THE MOVEMENT AFOOT in California to have the state secede from the Union–advocates call it Calexit–is gaining publicity if not support. One poll shows 32% of Democrats ready to vote yes on a pullout referendum. Petition signatures are being collected to get the question of ditching the good ol’ U.S.A. put on the ballot. One secession-advocate group has received financial support from–you guessed it–Vladimir Putin’s Russia.

The whole idea is preposterous. …

… Even though outright secession isn’t in the cards, the Golden State today is ripe for demagogic mischief. California has always felt it was different from the rest of the country, priding itself on being in the vanguard of social, economic and cultural trends. Millions of Americans saw it as the land of opportunity and moved there because of its beauty, benign climate, rapid growth and lifestyle diversity. It had everything: Hollywood, high tech, manufacturing, mobility, aerospace, oil, bountiful agriculture, and abundant and affordable housing.

But in recent times the state has become a tax and regulatory backwater, imitating the worst practices of stagnant Europe and such global powerhouses as Argentina. Bureaucrats in Sacramento have worked hard to crush small businesses with silly and costly rules, such as mandating mandatory time off for employees after four hours of labor. Minimum-wage laws unrelated to reality proliferate. No environmental rule or law is too inane, no matter how unrelated to science or conditions in the real world. Such decrees are ruining agriculture. With a straight face, regulators are issuing edicts to reduce effluents from cows, in the name of saving the planet from overheating.

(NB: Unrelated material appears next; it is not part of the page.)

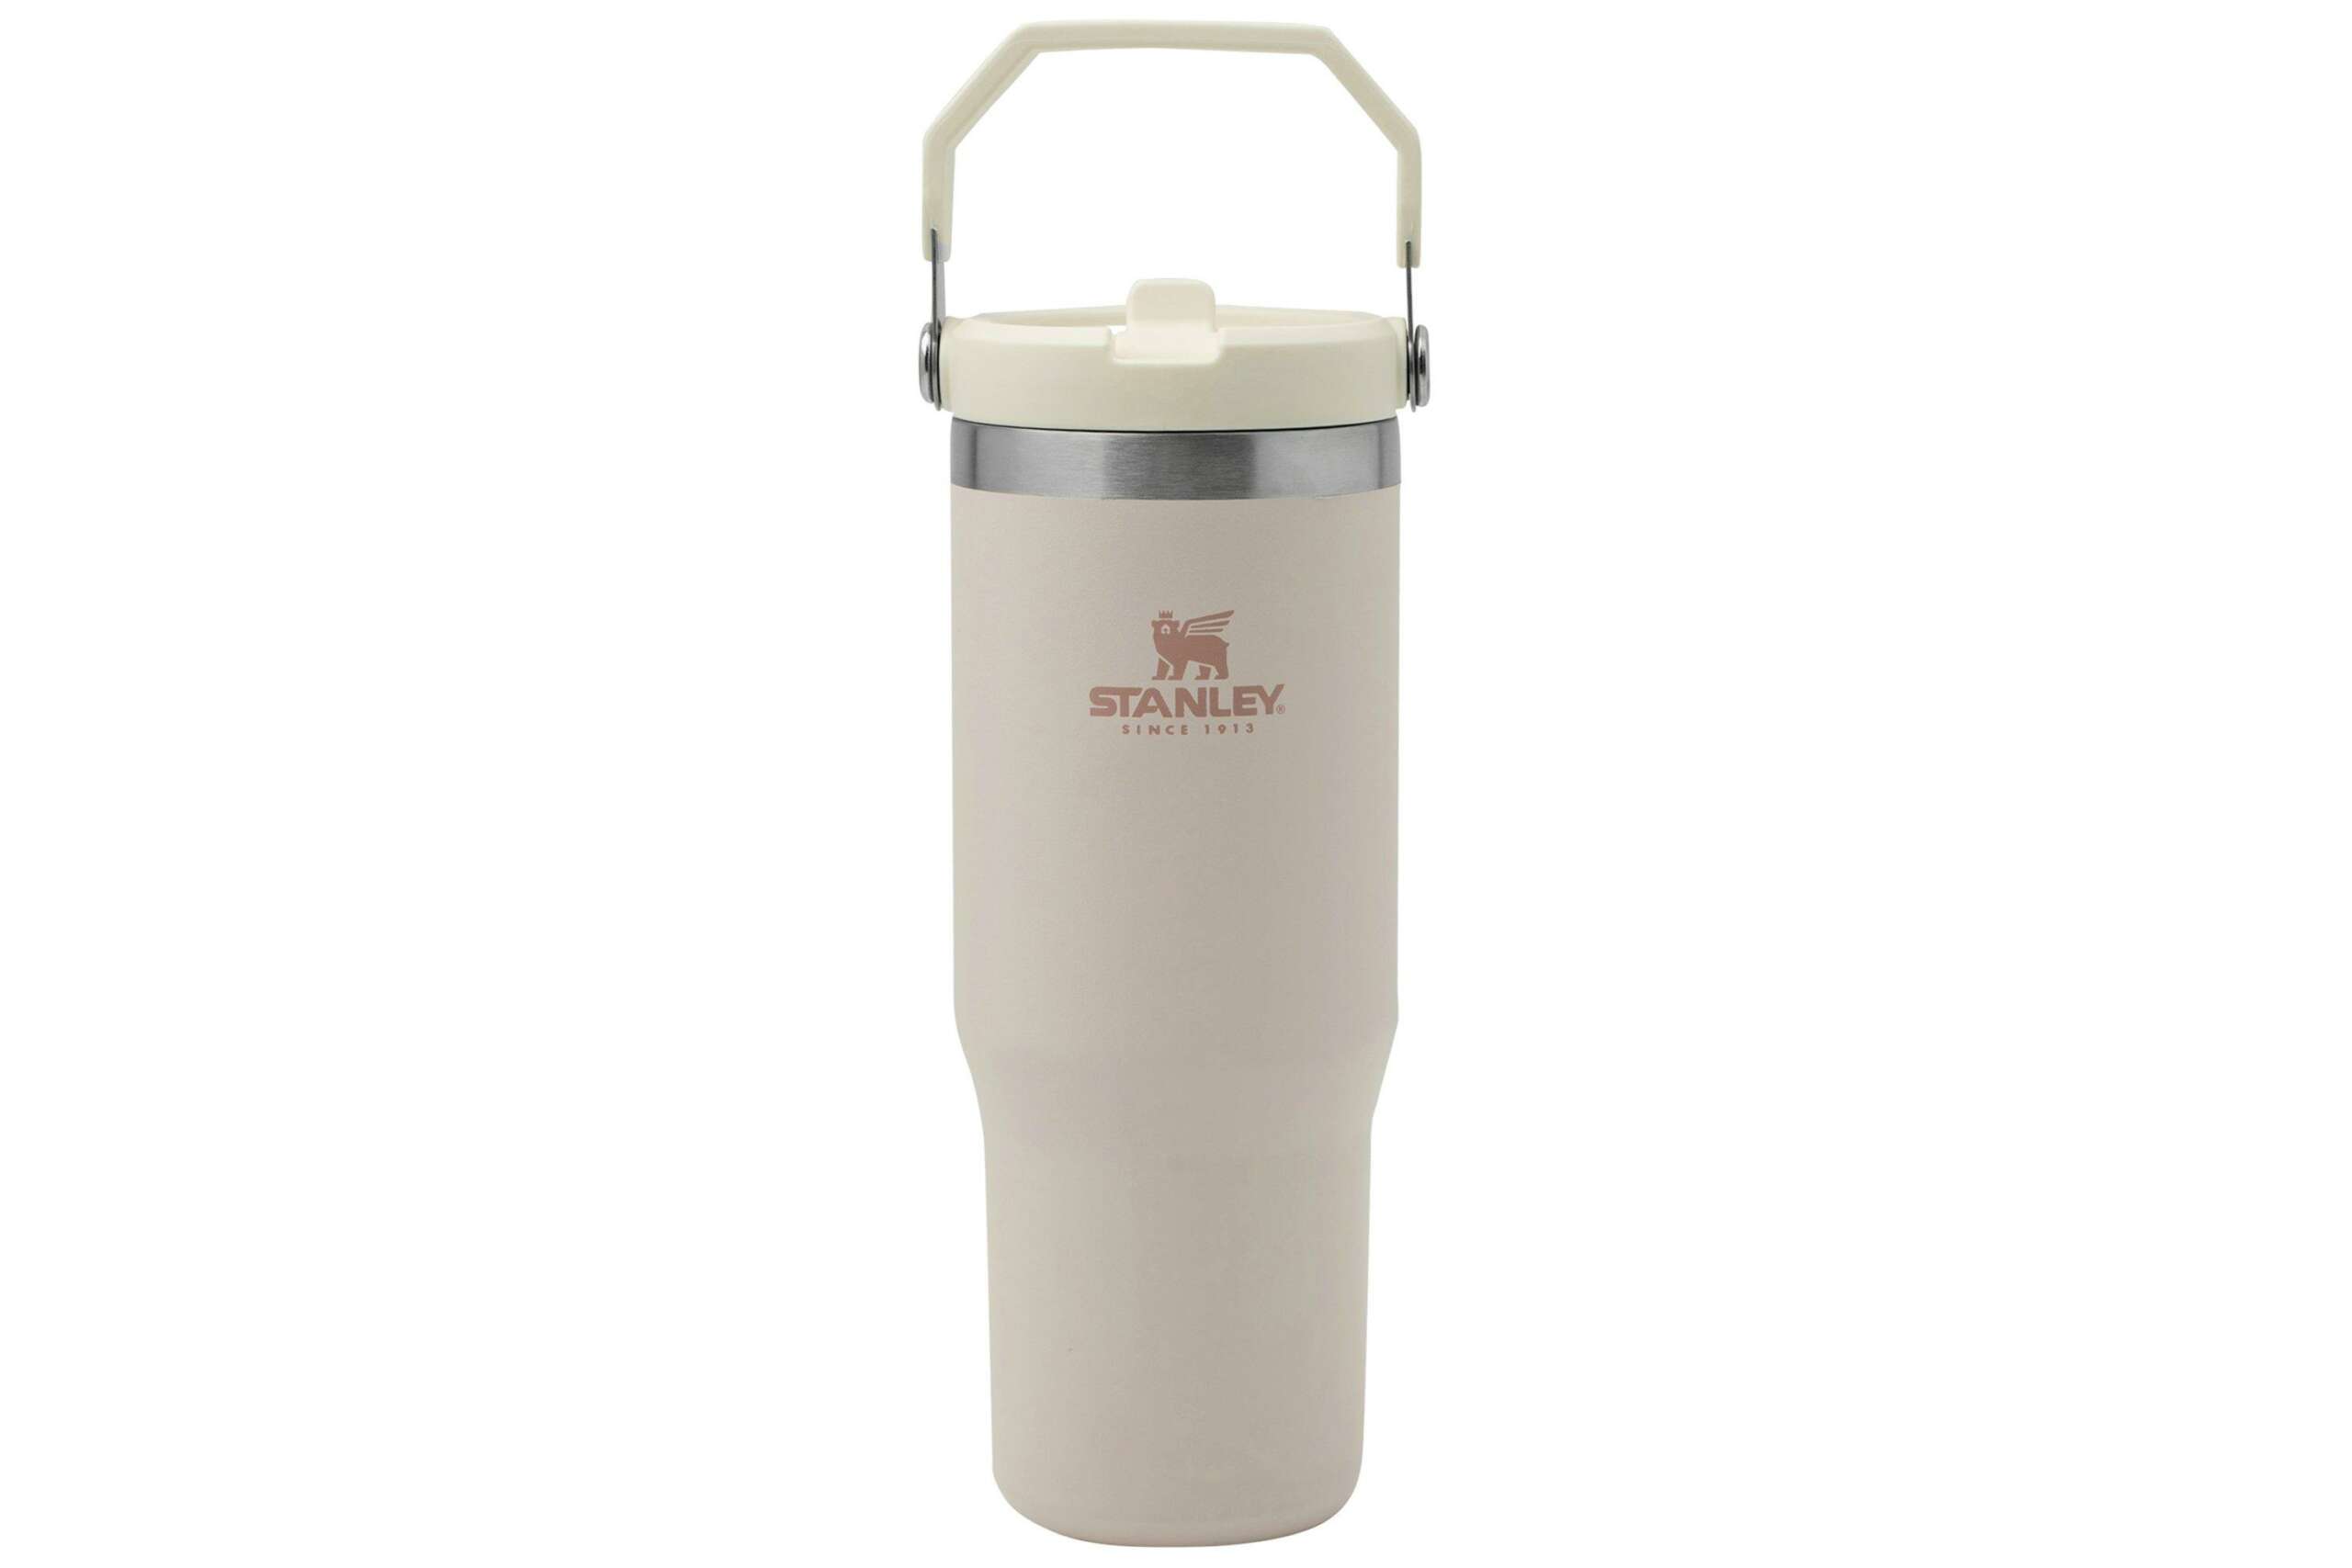 Tumbler Charm Set: Stanley Cup-Inspired Accessories for Your Water Bottle  Price in Pakistan 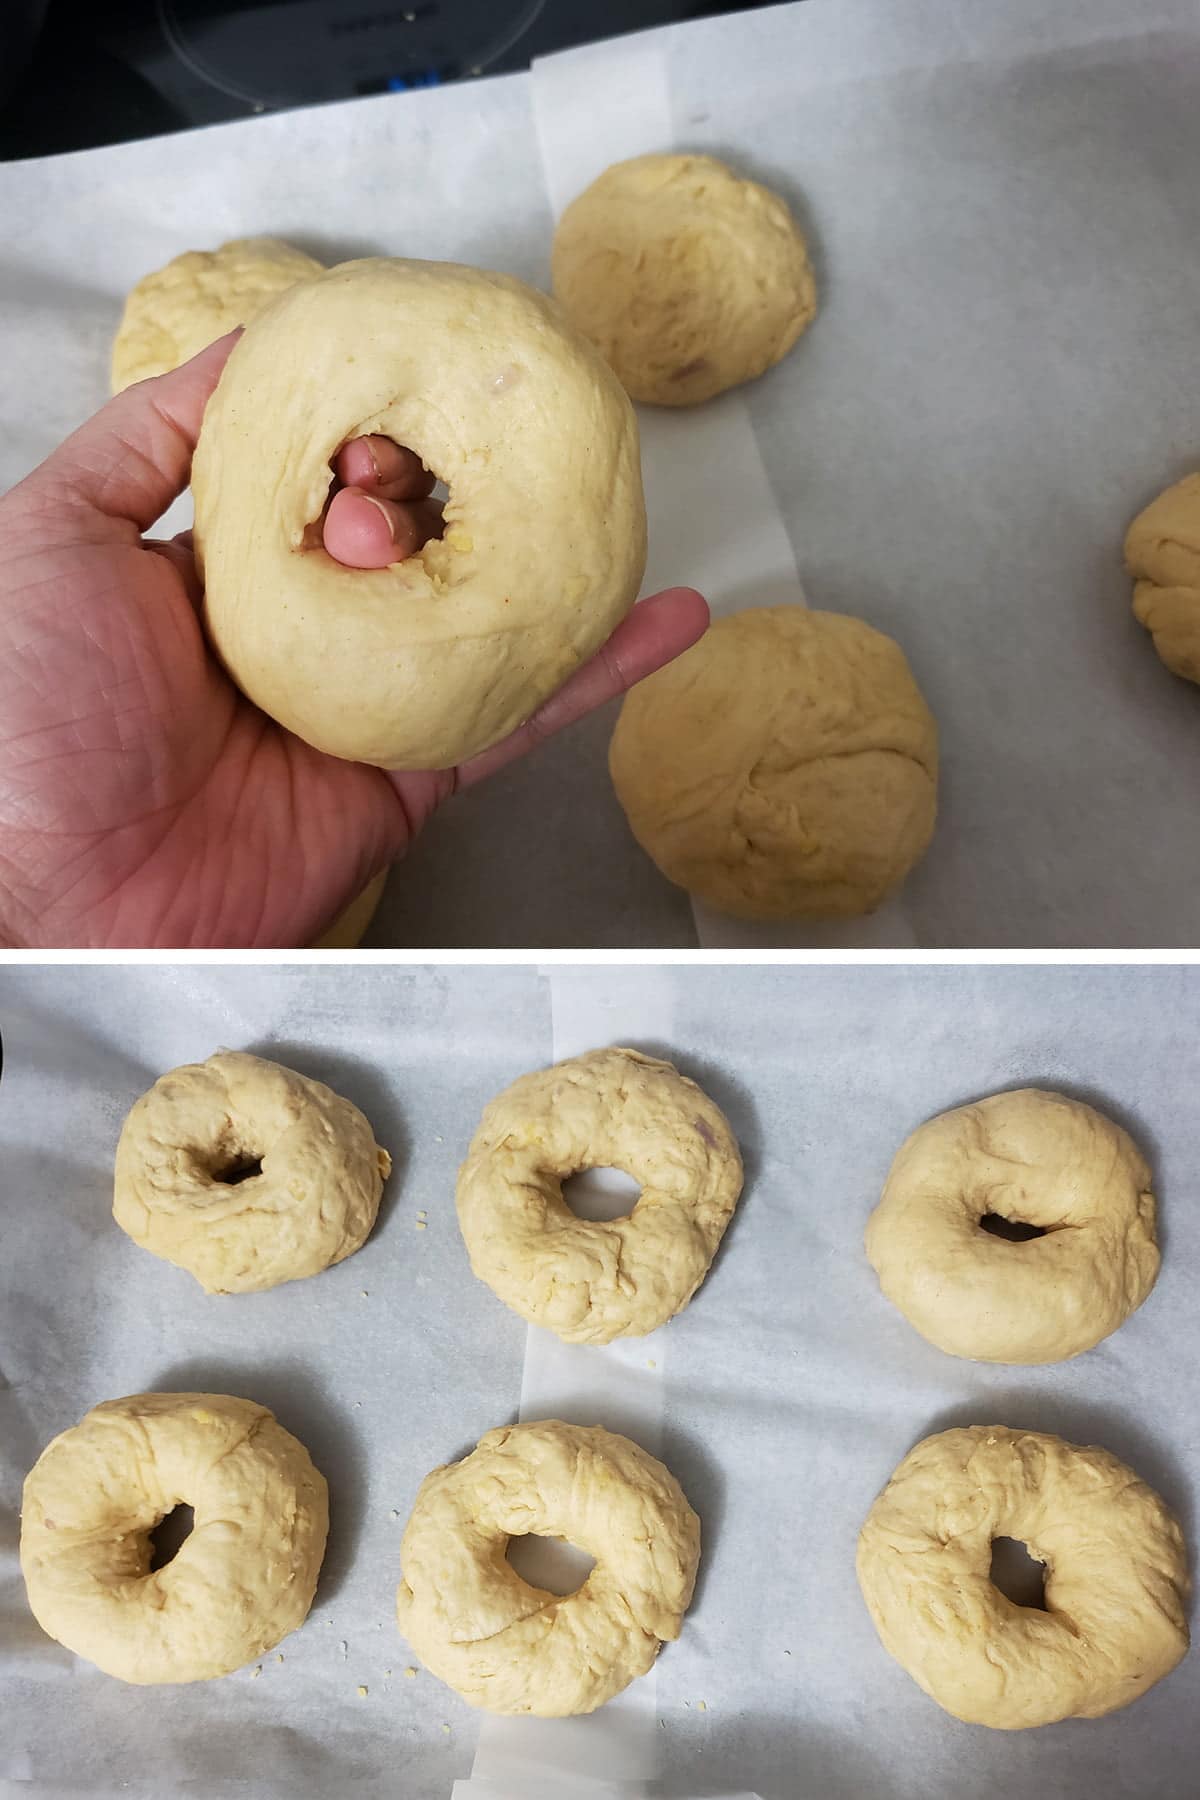 A two part compilation image showing a hole being poked through a ball of bagel dough, and 6 formed bagels arranged on parchment.

The state’s water shortages are self-inflicted: Billions of gallons are flushed into the ocean, because that supposedly helps preserve a tiny, endangered smelt; new reservoirs aren’t built, and existing ones are attacked as unnatural. While Israel rapidly built state-of-the-art desalination plants, California dawdled for 15 years before a far smaller and more expensive one came online. It’s no surprise that places like San Francisco have banned plastic bags and are taxing paper ones, and are contemplating prohibiting free soda refills at restaurants. (The quality of life in San Francisco has deteriorated, with residents being constantly accosted by ever more aggressive panhandlers.)

Regulations have turned California from a housing mecca for working people into a high-cost hell. Its school system, once one of the nation’s best, is now a national laughingstock.